Independent studio practice · 2024–2026
Role
Artist & Creative Director
Scope
Cross-media body of work — linocut, digital, painting
Outcome
A recognized, collectible body of contemporary work

Challenge
Representation and cultural specificity are hard to get right in contemporary art — easy to flatten into decoration, easy to lose the meaning. The work needed to honor Afro-Caribbean and Afro-Latin identity with genuine depth while standing as ambitious contemporary art.
Opportunity
Cultural inheritance is a renewable source of meaning.

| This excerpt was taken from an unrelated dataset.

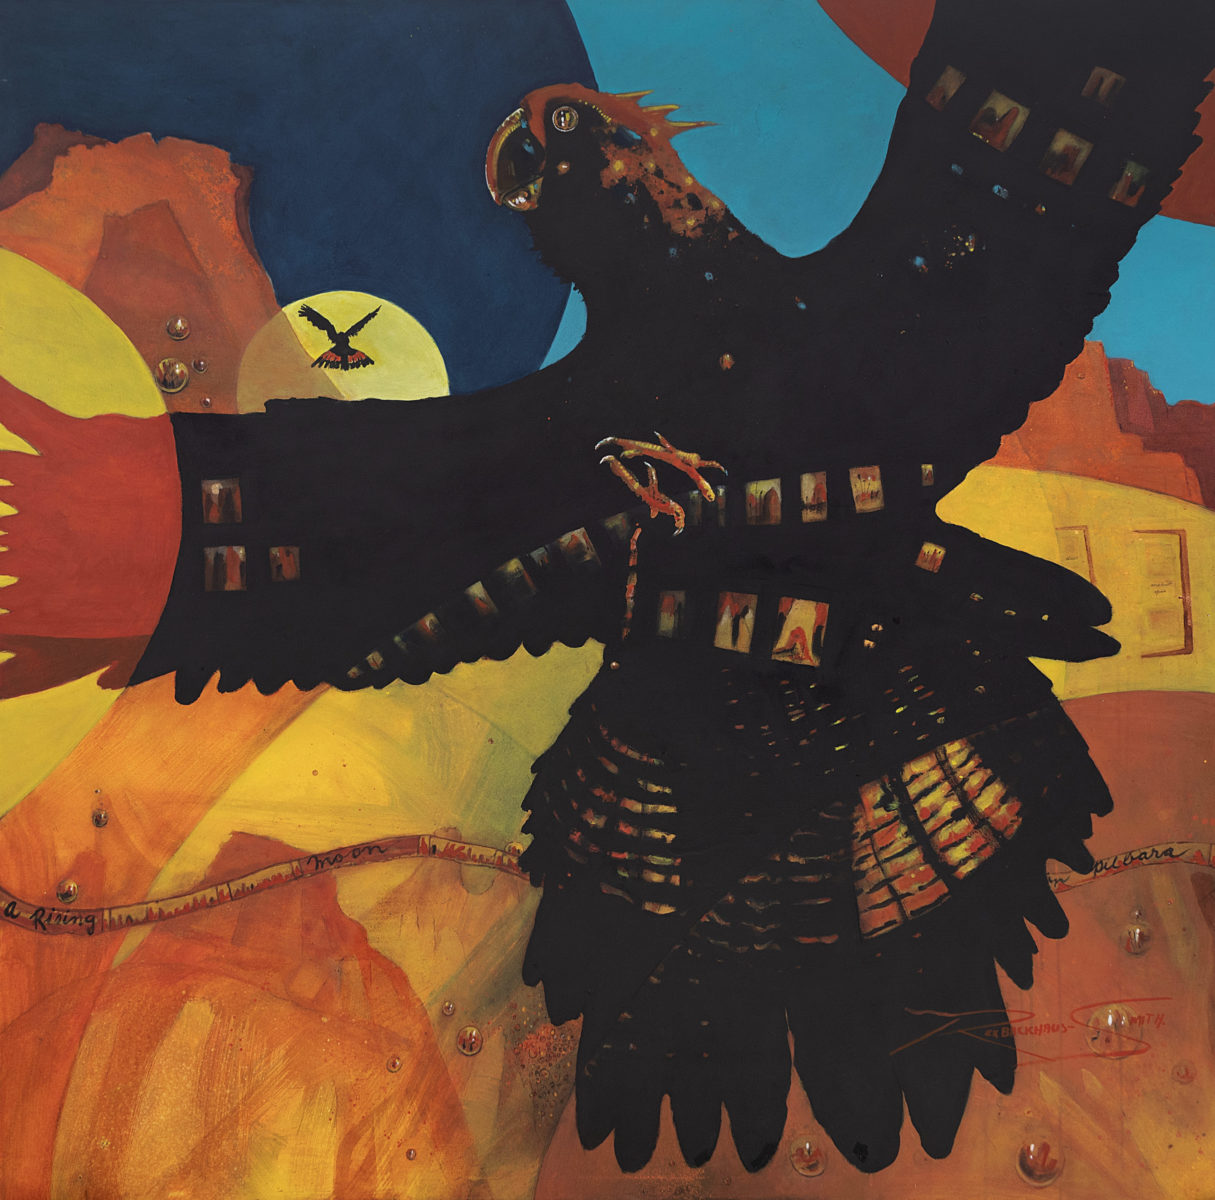 A rising moon - Pilbara | Rex Backhaus-Smith | mixed media on canvas | 150 x 150 cm | $15,000

Caribbean folklore, diaspora, and migration offered a rich symbolic vocabulary — the rooster as guardian and messenger, women holding each other up — that few were translating into a modern visual language.
Strategy
Build series-based bodies of work that move fluidly across media — hand-pulled linocut, digital painting, oil and acrylic — unified by a consistent palette and recurring motifs, so the work reads as one coherent cultural project.
Process
Researched folklore and family memory, developed motifs across studies, and produced finished pieces through both traditional printmaking and digital craft — translating displacement into belonging, and vulnerability into power.
Creative Direction
Directed the visual identity of the work itself: vivid color, textile and nature motifs, layered transparencies, and a noir-tinged Caribbean warmth that ties the whole catalogue together.
Outcome
A growing, collectible catalogue of contemporary Afro-Caribbean work across multiple series and media, meeting rising demand for culturally specific contemporary art.
Lessons learned
The most universal work is often the most specific. Cultural depth is a creative advantage, not a constraint.